CloudWatch Events rule

To capture the Spot Instance interruption notice being published to CloudWatch Events, create a rule with two targets: the Lambda function and the SNS topic.

eventRule:
    DependsOn:
    - snsTopic
    Properties:
      Description: Events rule for Spot Instance Interruption Notices
      EventPattern:
        detail-type:
        - EC2 Spot Instance Interruption Warning
        source:
        - aws.ec2
      State: ENABLED
      Targets:
      - Arn:
          Ref: snsTopic
        Id:
          Fn::GetAtt:
          - snsTopic
          - TopicName
      - Arn:
          Fn::GetAtt:
          - lambdaFunction
          - Arn
        Id:
          Ref: lambdaFunction
    Type: AWS::Events::Rule

Lambda function

The Lambda function does the heavy lifting for you.

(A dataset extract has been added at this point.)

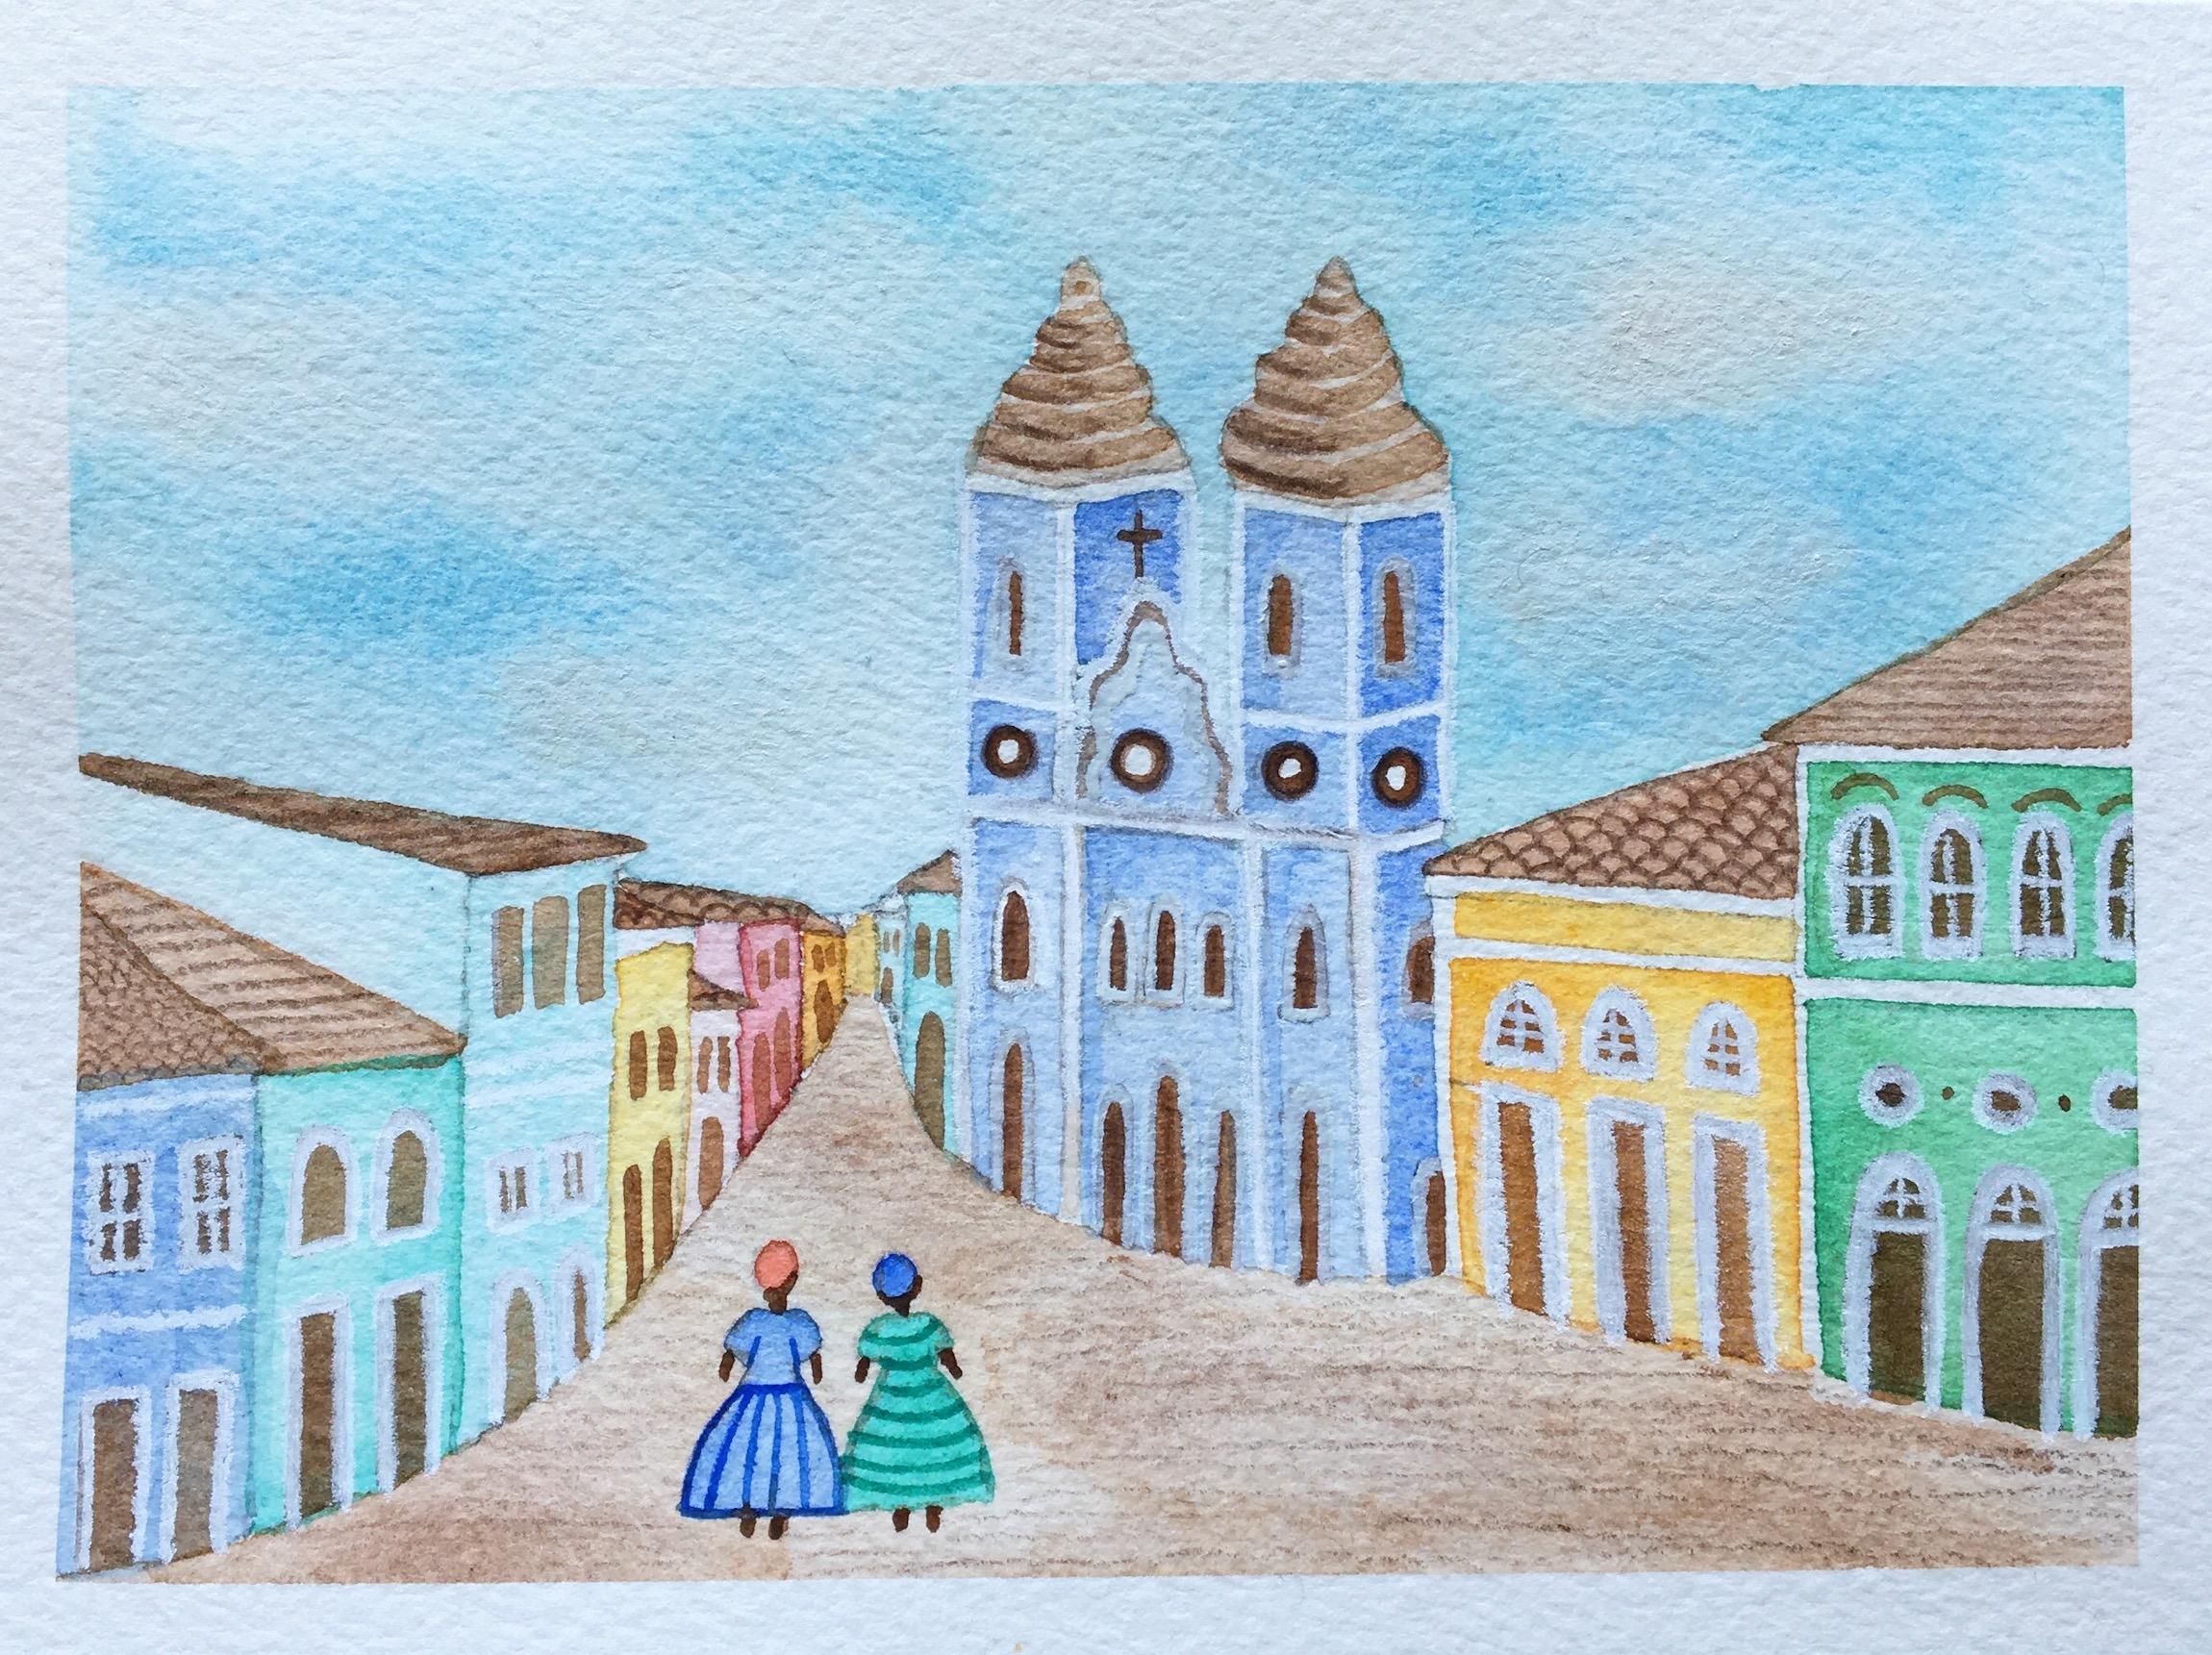 Un viaggio e' per sempre - insegnamenti dal mondo - Brasile

The details of the CloudWatch event are published to the Lambda function, which then uses boto3 to make a couple of AWS API calls. The first call is to describe the EC2 tags for the Spot Instance, filtering on a key of “TargetGroupArn”. If this tag is found, the instance is then deregistered from the target group ARN stored as the value of the tag.

import boto3
def handler(event, context):
  instanceId = event['detail']['instance-id']
  instanceAction = event['detail']['instance-action']
  try:
    ec2client = boto3.client('ec2')
    describeTags = ec2client.describe_tags(Filters=[{'Name': 'resource-id','Values':[instanceId],'Name':'key','Values':['loadBalancerTargetGroup']}])
  except:
    print("No action being taken. Unable to describe tags for instance id:", instanceId)
    return
  try:
    elbv2client = boto3.client('elbv2')
    deregisterTargets = elbv2client.deregister_targets(TargetGroupArn=describeTags['Tags'][0]['Value'],Targets=[{'Id':instanceId}])
  except:
    print("No action being taken. Unable to deregister targets for instance id:", instanceId)
    return
  print("Detaching instance from target:")
  print(instanceId, describeTags['Tags'][0]['Value'], deregisterTargets, sep=",")
  return

SNS topic

Finally, you’ve created an SNS topic as an example target. For example, you could subscribe an email address to the SNS topic in order to receive email notifications when a Spot Instance interruption notice is received.

snsTopic:
    Properties:
      DisplayName: SNS Topic for EC2 Spot Instance Interruption Notices
    Type: AWS::SNS::Topic

Create a Spot Fleet request

To proceed to creating your Spot Fleet request, use some of the resources that the CloudFormation stack created, to populate the Spot Fleet request launch configuration. You can find the values in the outputs values of the CloudFormation stack:

$ aws cloudformation describe-stacks --stack-name spot-spin-cwe

Using the output values of the CloudFormation stack, update the following values in the Spot Fleet request configuration:

  • %spotFleetRole%
  • %publicSubnet1%
  • %publicSubnet2%
  • %loadBalancerTargetGroup% (in two places)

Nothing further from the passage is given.